The Ÿ-Dráva Program means a lot to Sellya. When the implementation of the program started, this gürüto, as we call it, was still bone dry, dried up. It would have been the habitat of a wonderful ecosystem. I remember that the fishing association dug a trench at a cost of HUF 900,000 to save the fish that lived in the lake but were condemned to death due to dehydration. And after we managed to save this 2.4 hectares of water as a result of the program, the fish were reintroduced, the stock multiplied nicely and the anglers can fish again

says the city manager.

Another four hectares were added to this with the neighboring reservoir, so the project is working. The mayor does not fish, unlike his six-year-old son, who already uses the fishing lake intensively.

"Many children go fishing here, we are grateful to the company that such a close-to-nature hobby can spread among the youth of Selly. This year there was such a drought that without the continuous withdrawal and retention of water, our lake would have dried up again - adds Attila Nagy. - We really need a bottom threshold in the river, which could be used to regulate the water level of the Drava. The countries along the Drava, Italy, Austria, Slovenia and Croatia, have built a total of 22 power plants on the river, only Hungary has not. It really should be, because the bottom sill would make it possible to control the water level. During the great Drava flood in 2014, even the flooding of Sellye was a question of whether the Croatians would catch the water at their own power plant. Fortunately, they caught him, and thus Sellye, my hometown, where I have lived for 48 years now, was saved. But it is not good if our flood situation depends on the water management of other countries."

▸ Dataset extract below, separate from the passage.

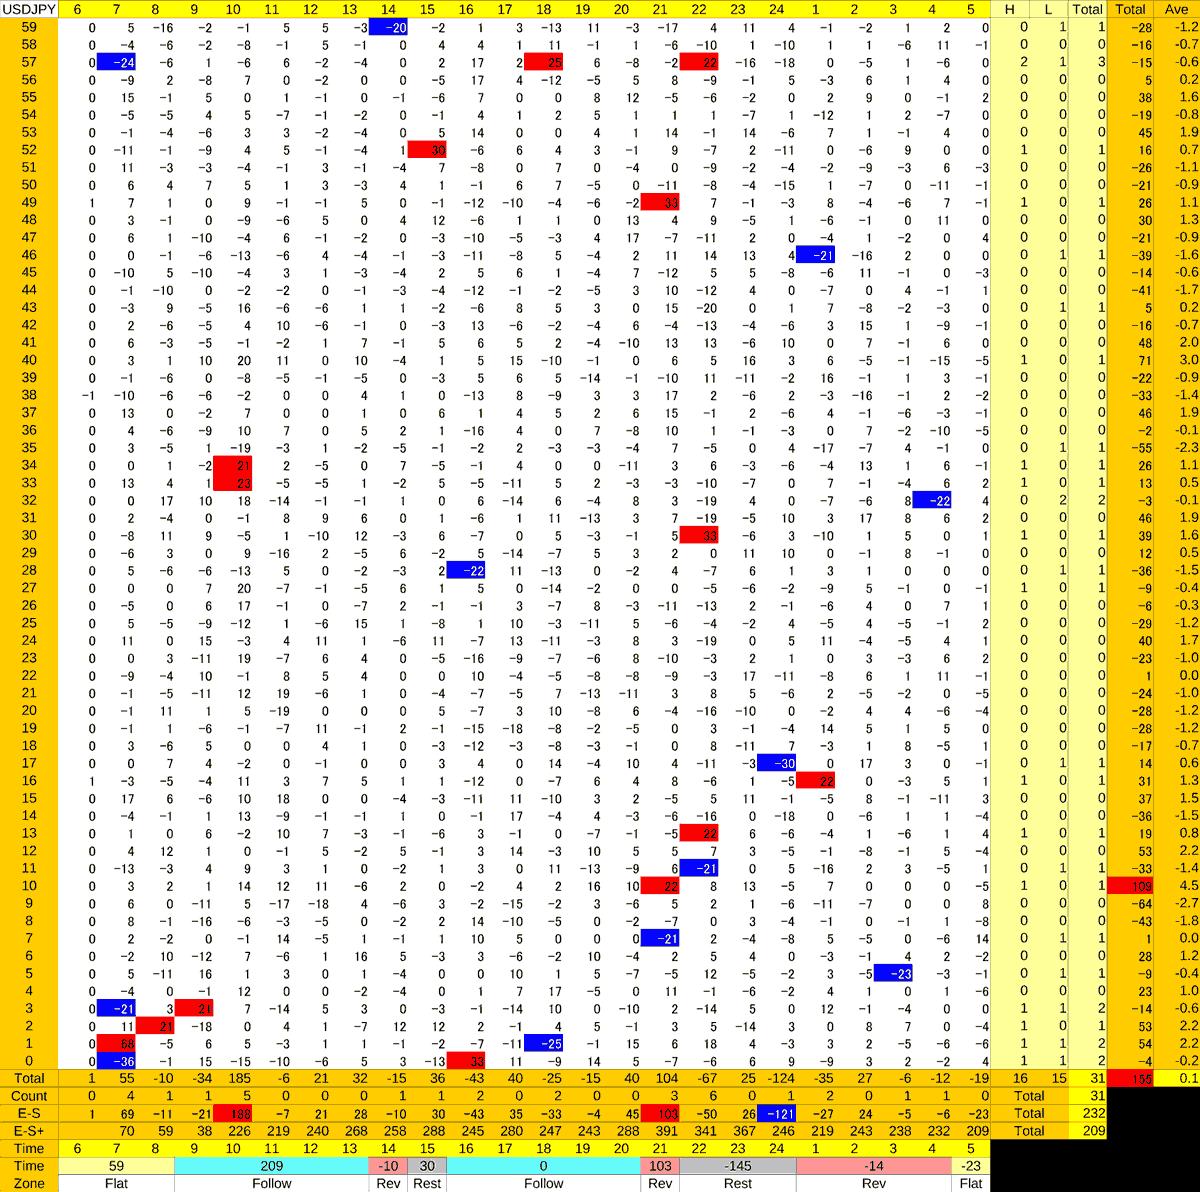 20201026_HS(1)USDJPY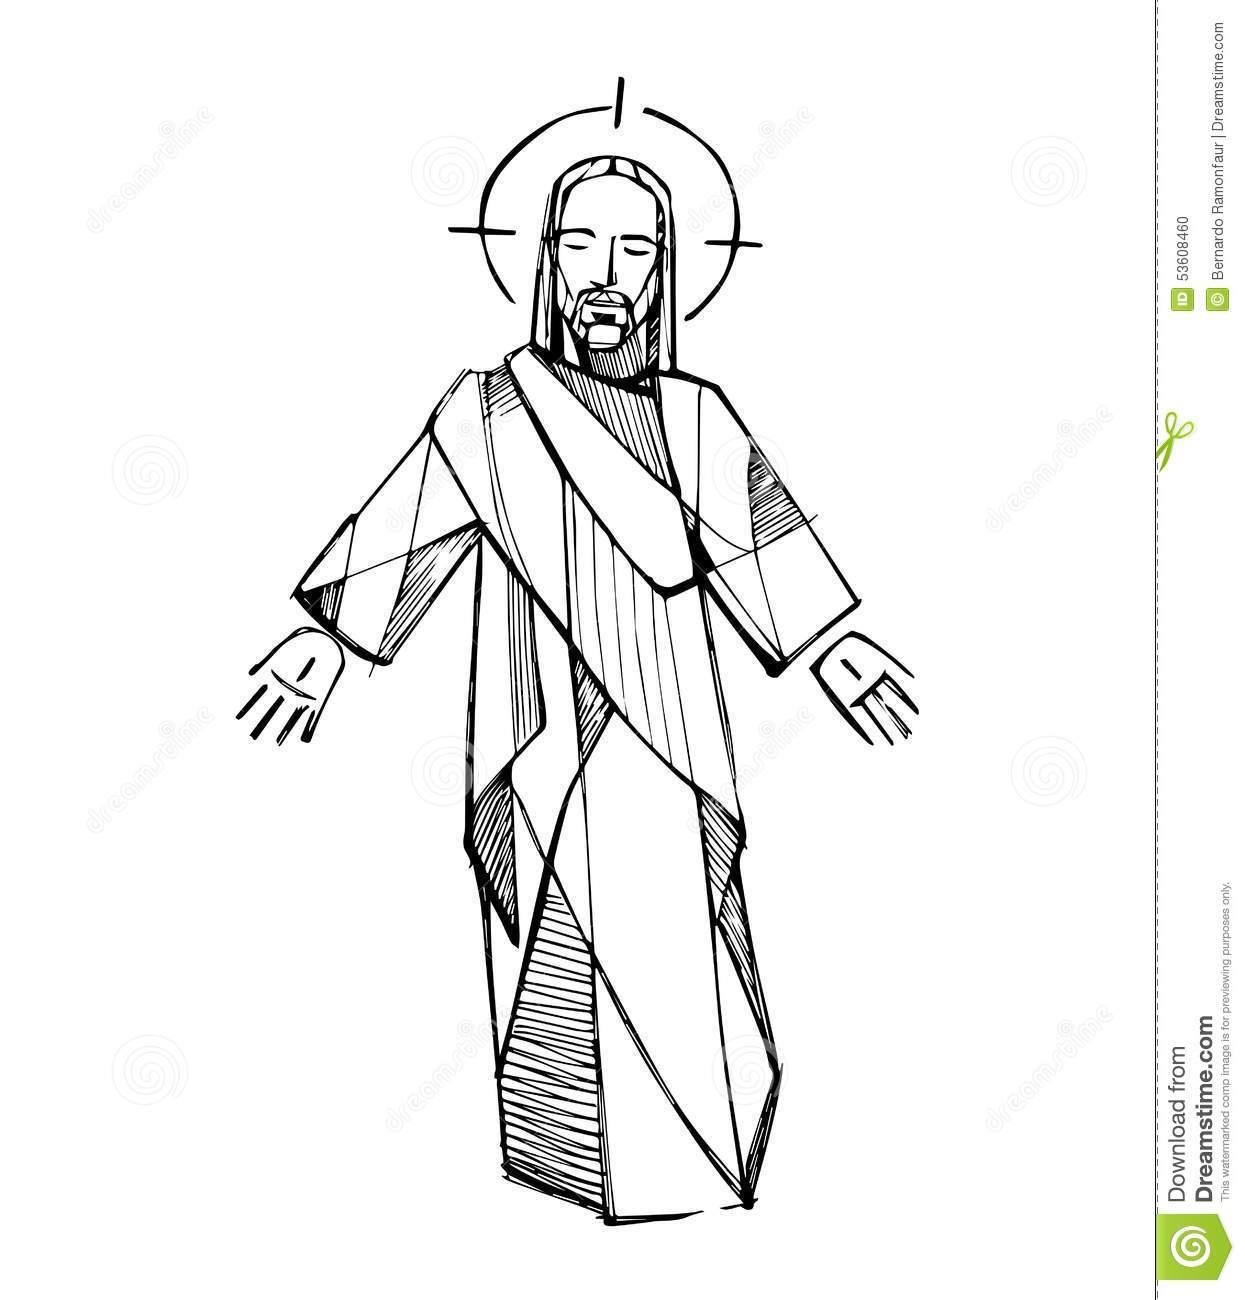 Risen jesus clipart 4 » Clipart Portal.

We walk around the area for another hour, gray herons, wild ducks everywhere, you come across few such seemingly untouched habitats in our country. And the life-giving element of everything is water, which, thanks to the Ÿ-Dráva Program, recaptured the 600-square-kilometer region, Ormánság, which was doomed to dry out and perish. It would be good to implement similar complex water management projects in our other landscape units, to retain our water resources, and to mitigate the harmful effects of climate change. On the other hand, we can be happy that there is already an example to follow, a model that works, we just have to use it.